▶ **Task**:
With the pictures left out, print exactly the lines below that run from the one containing "Unexpectedly Useful: 3" through the one containing "Woman photographer with".

▶ **Data supplied**:
####################

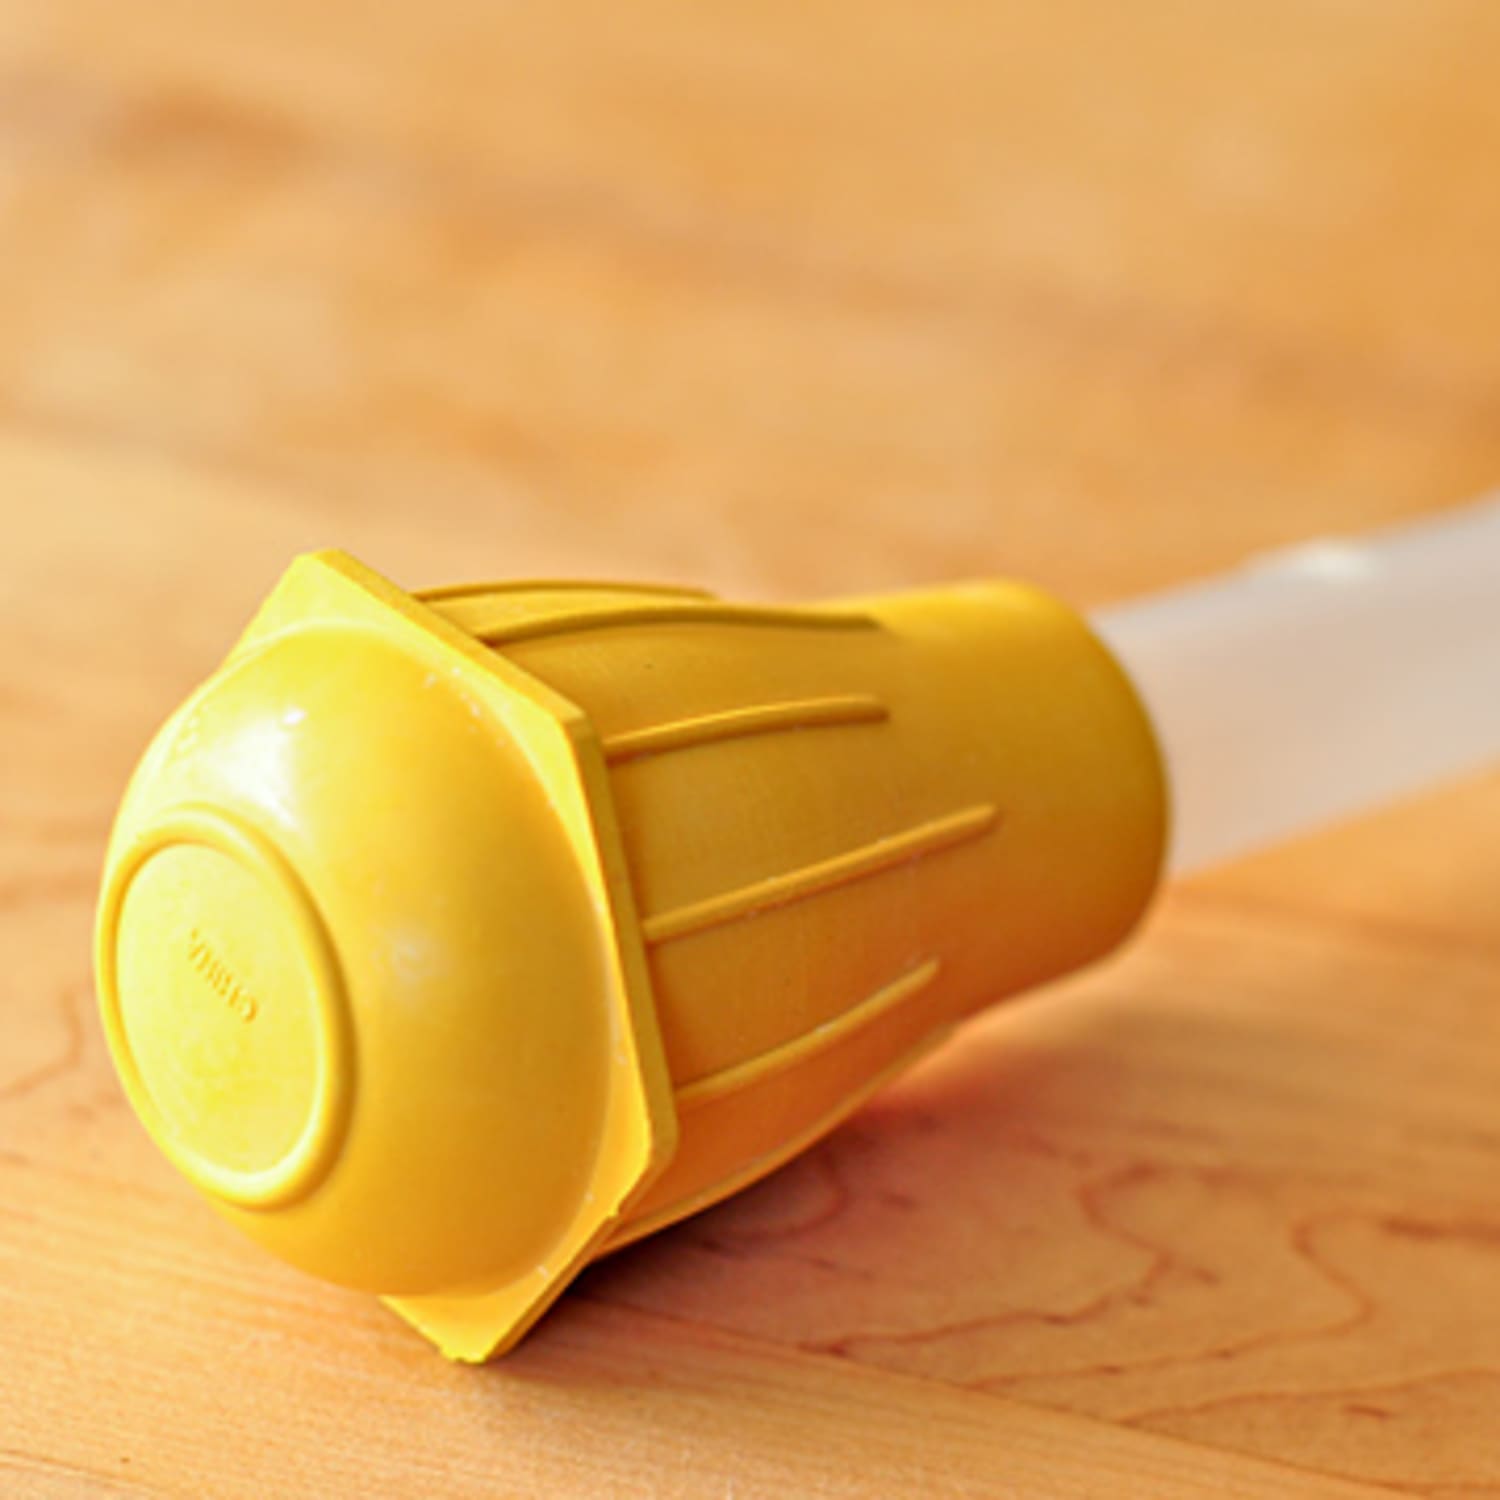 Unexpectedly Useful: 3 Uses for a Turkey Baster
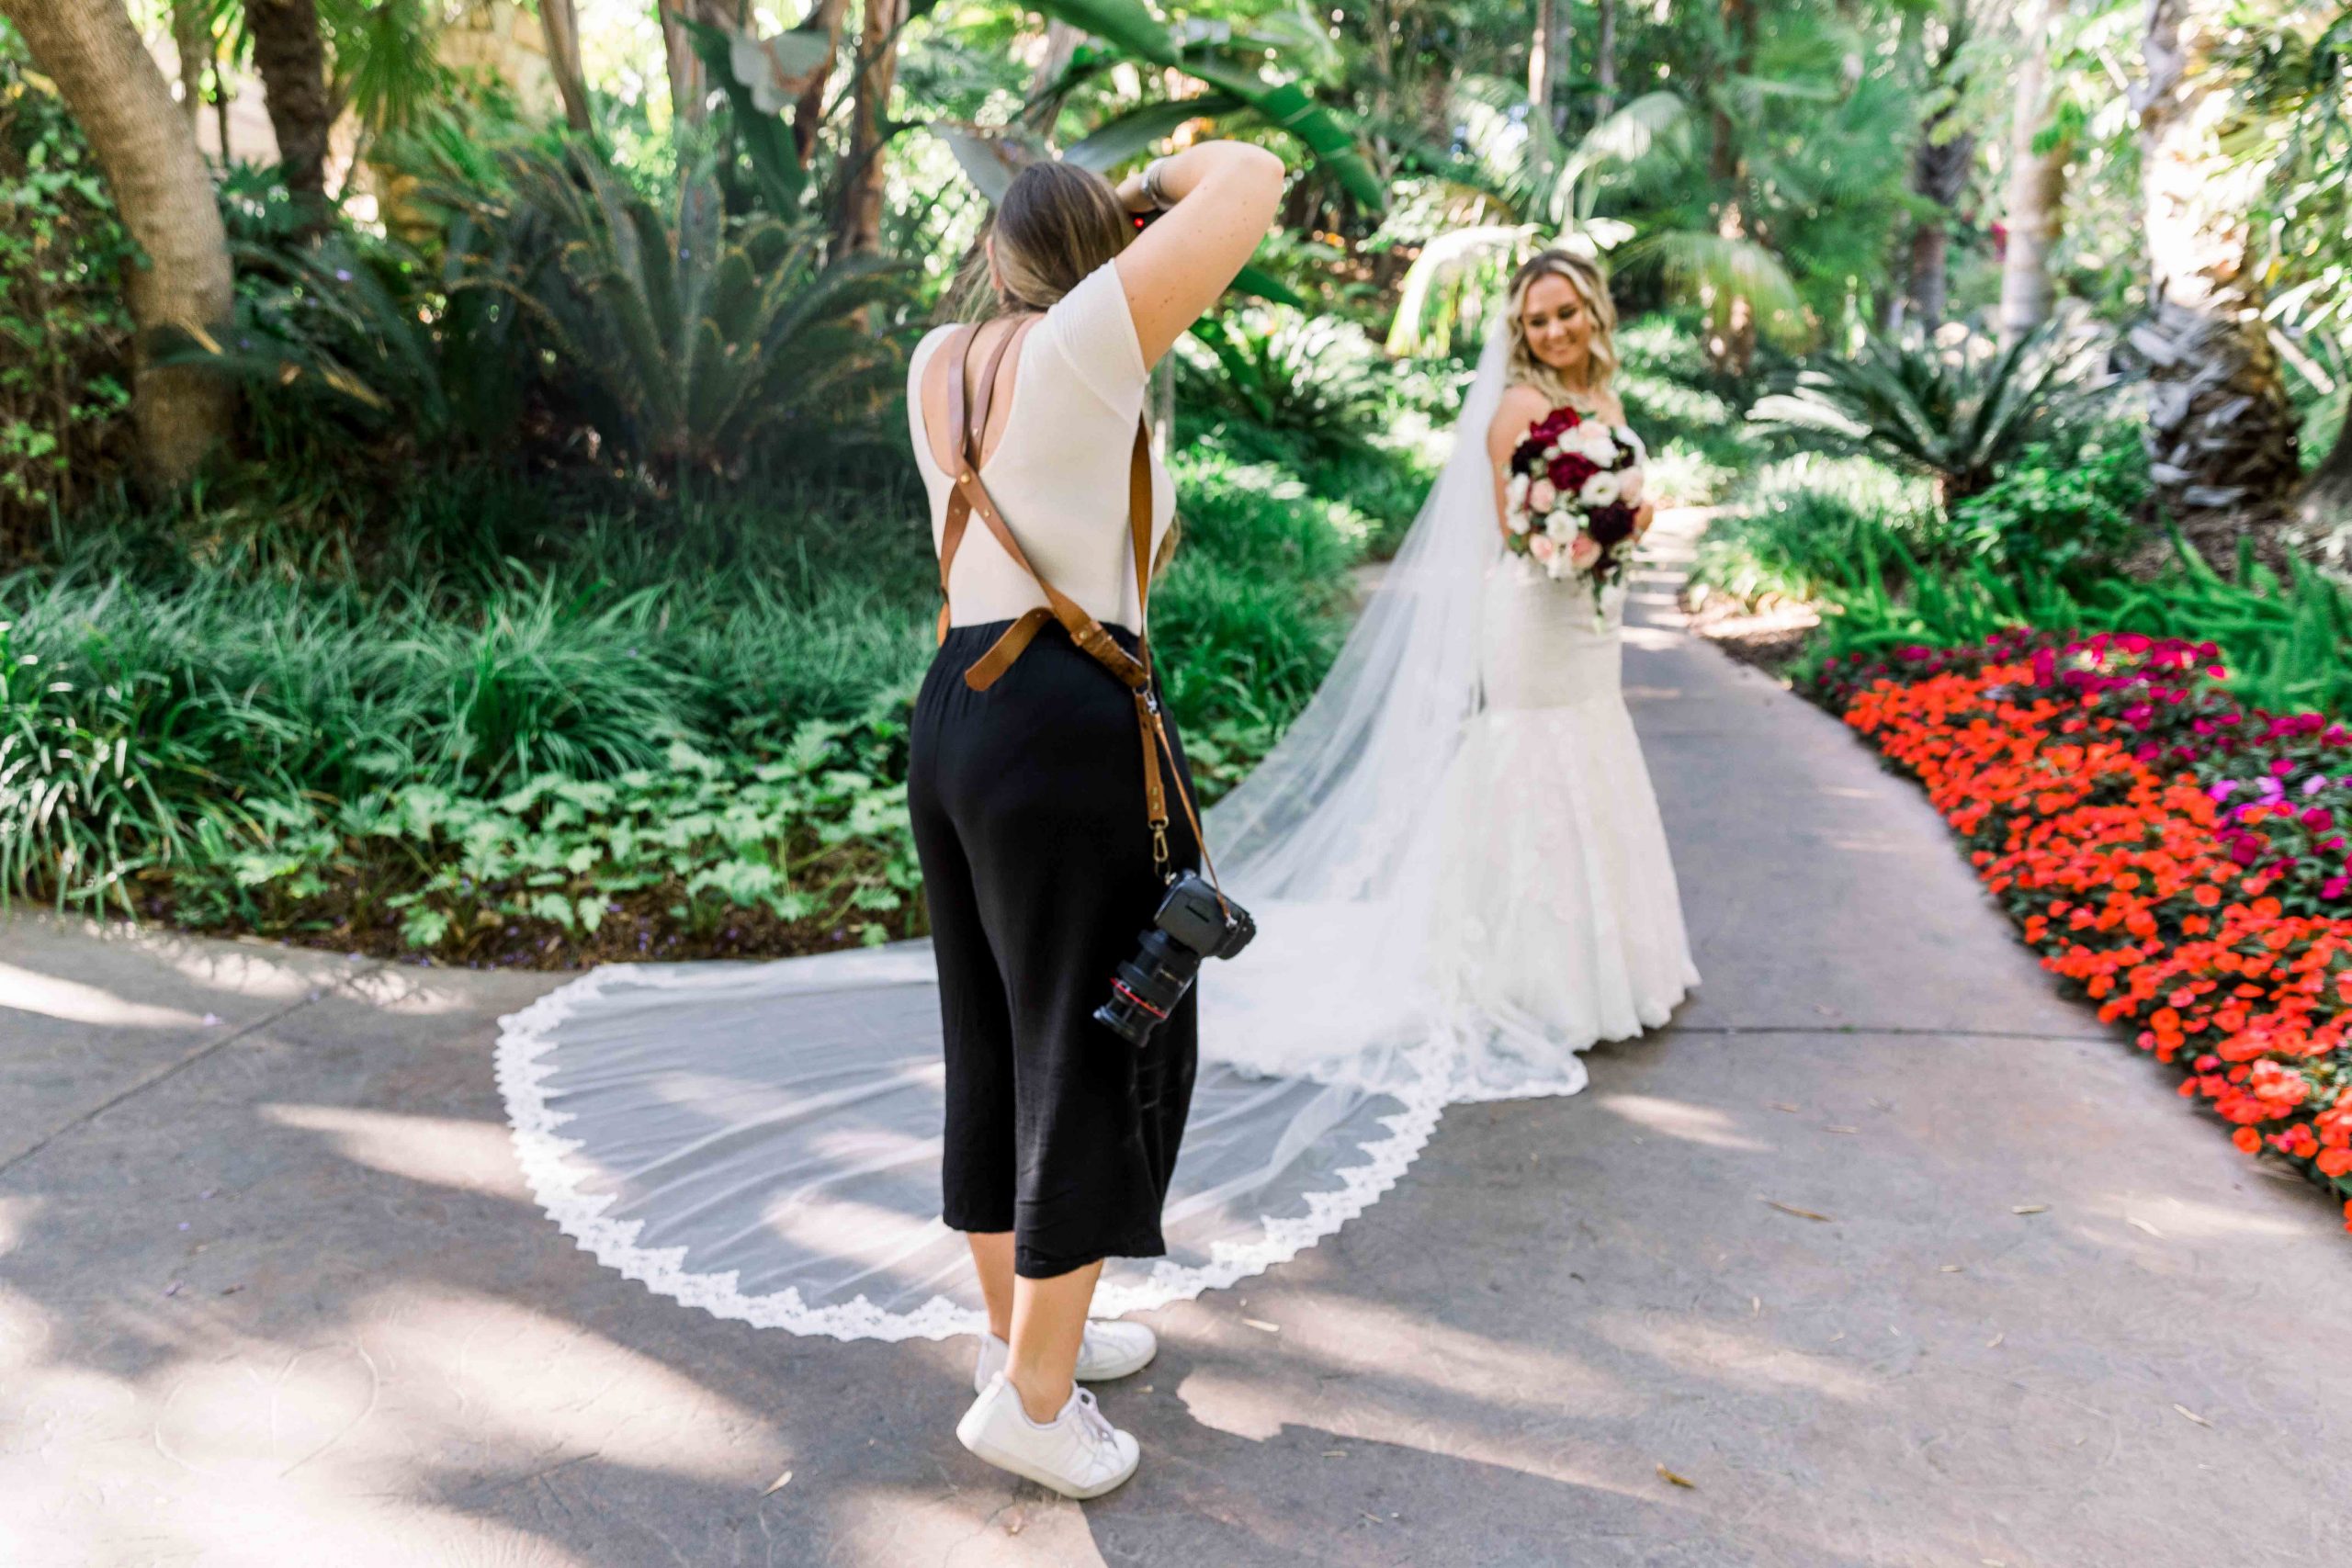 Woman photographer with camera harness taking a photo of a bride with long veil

####################

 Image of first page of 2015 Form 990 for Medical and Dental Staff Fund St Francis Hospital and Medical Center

####################

▶ **Answer section**:
 Unexpectedly Useful: 3 Uses for a Turkey Baster
 Woman photographer with camera harness taking a photo of a bride with long veil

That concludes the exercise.